------ Dataset extract ------

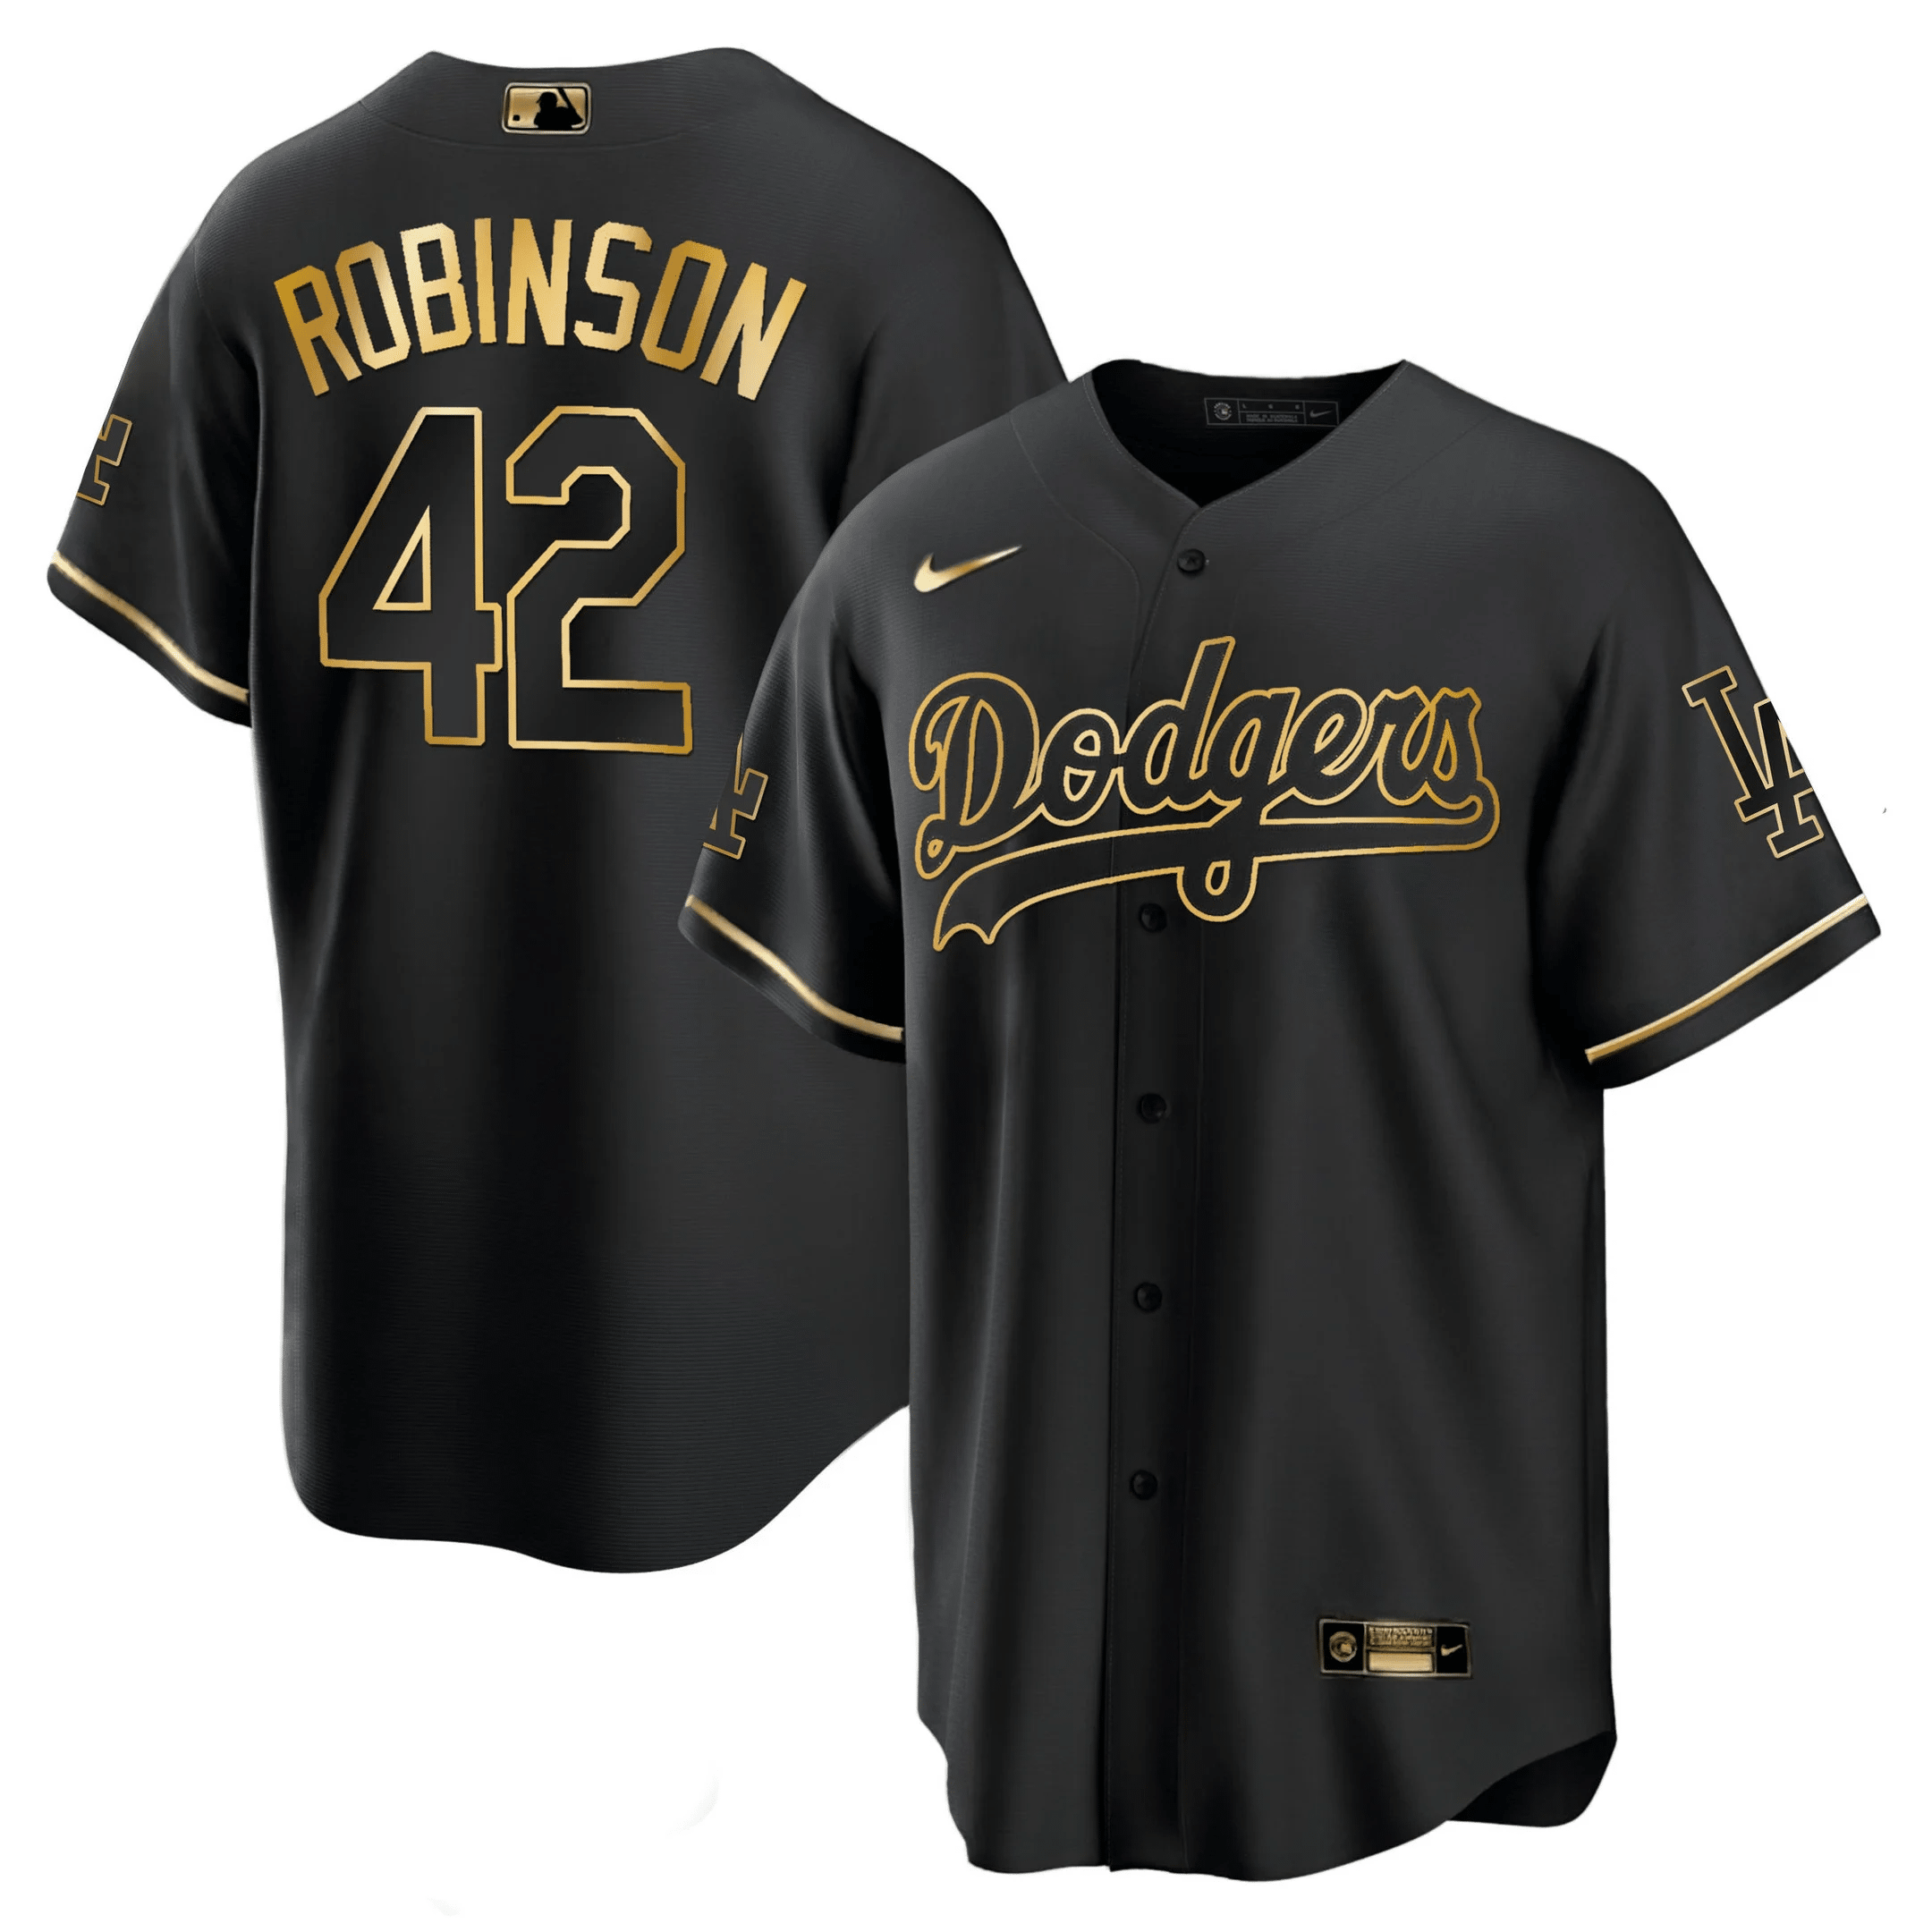 robinson baseball uniform
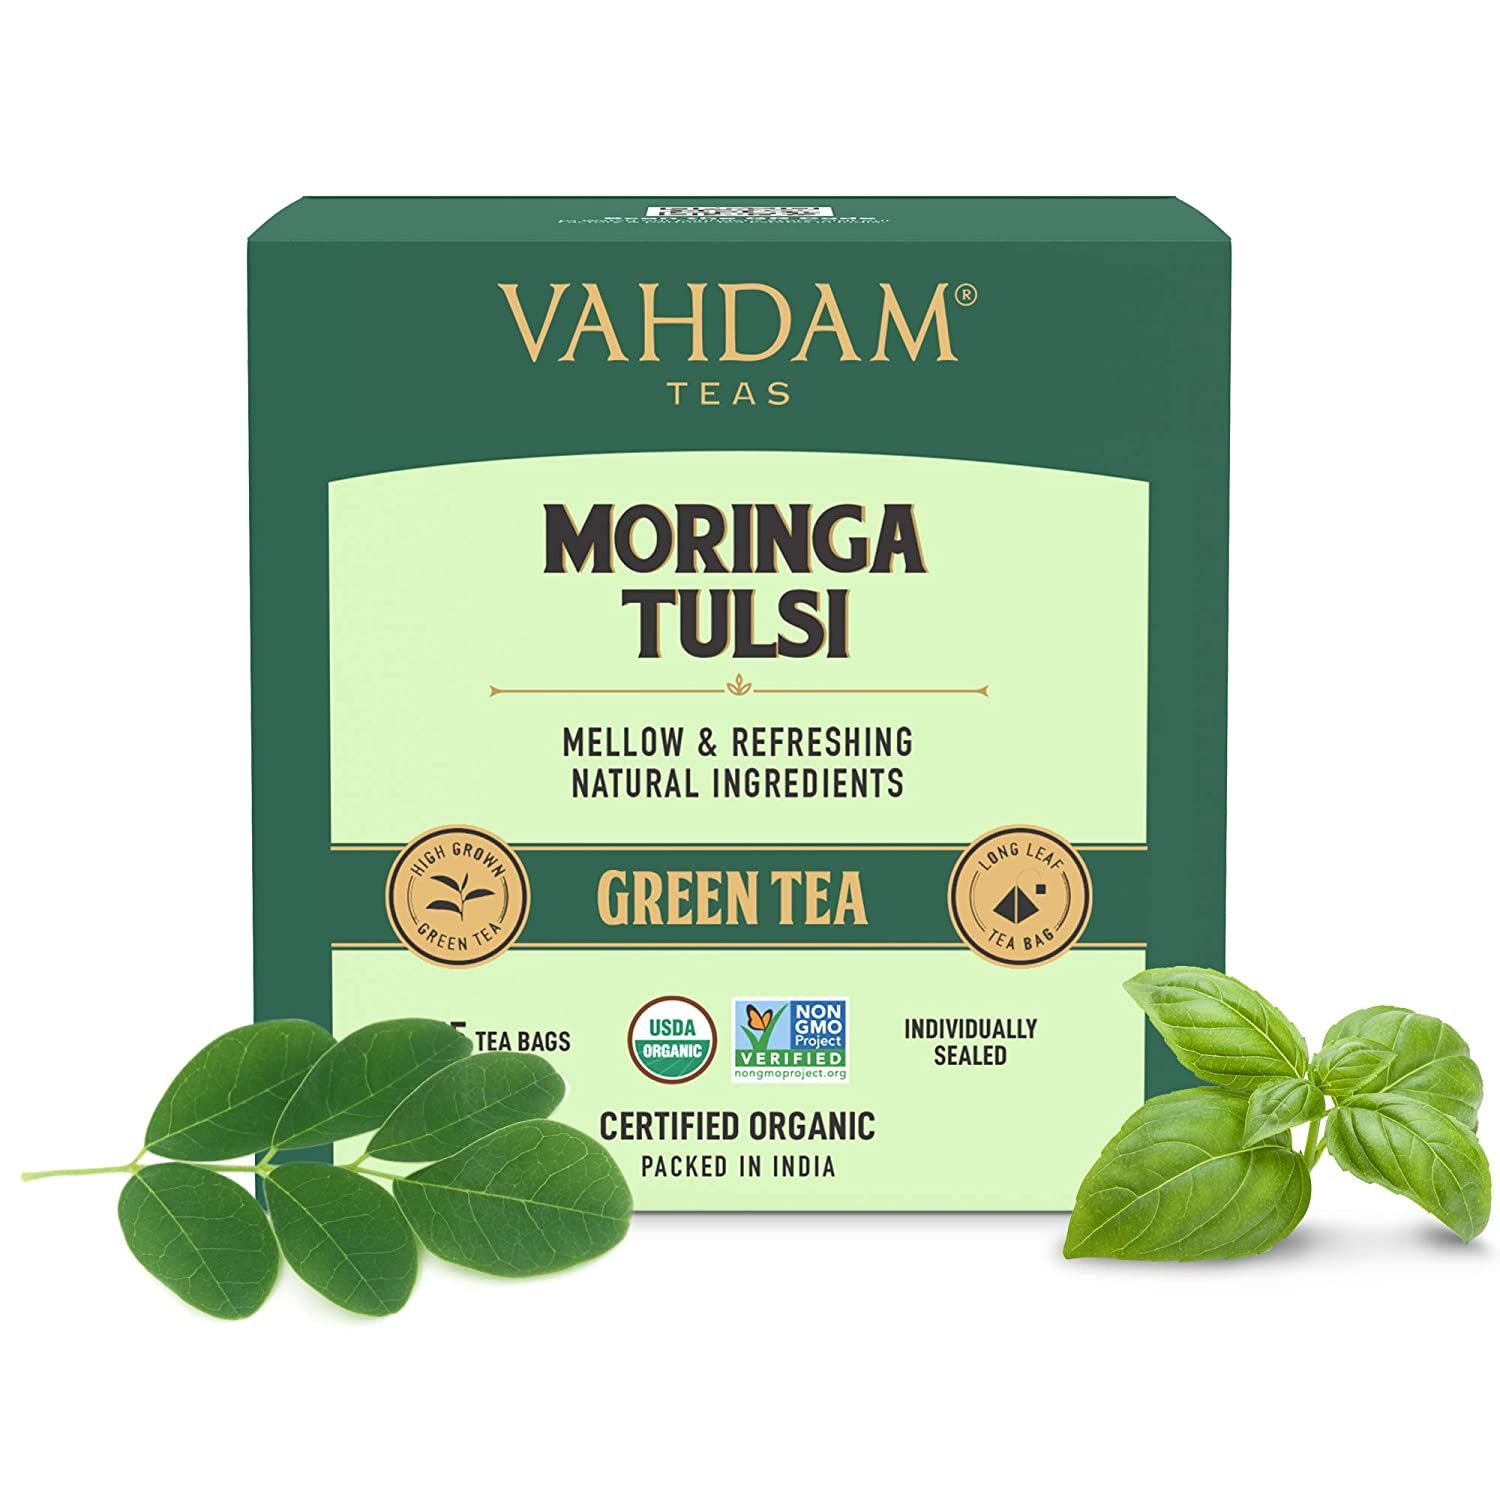 Vahdam Organic Moringa Tulsi Green Tea Image
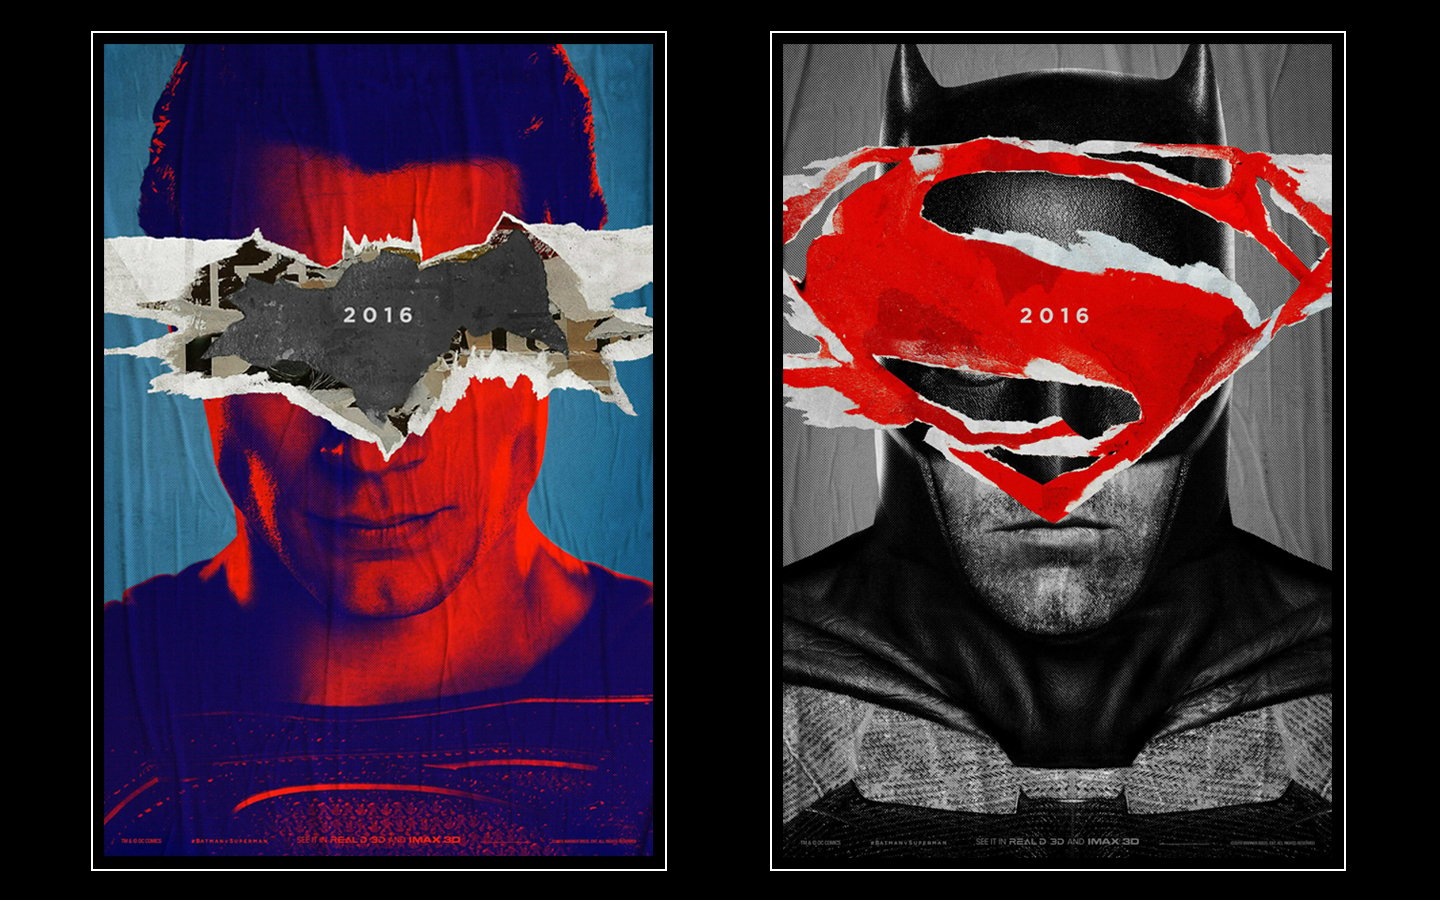 Batman v Superman wallpaper by falcon1282 on

------

Work instructions -
Print the material in full and exactly; the pictures must not be printed.

Task result -
 robinson baseball uniform
 Vahdam Organic Moringa Tulsi Green Tea Image
 Batman v Superman wallpaper by falcon1282 on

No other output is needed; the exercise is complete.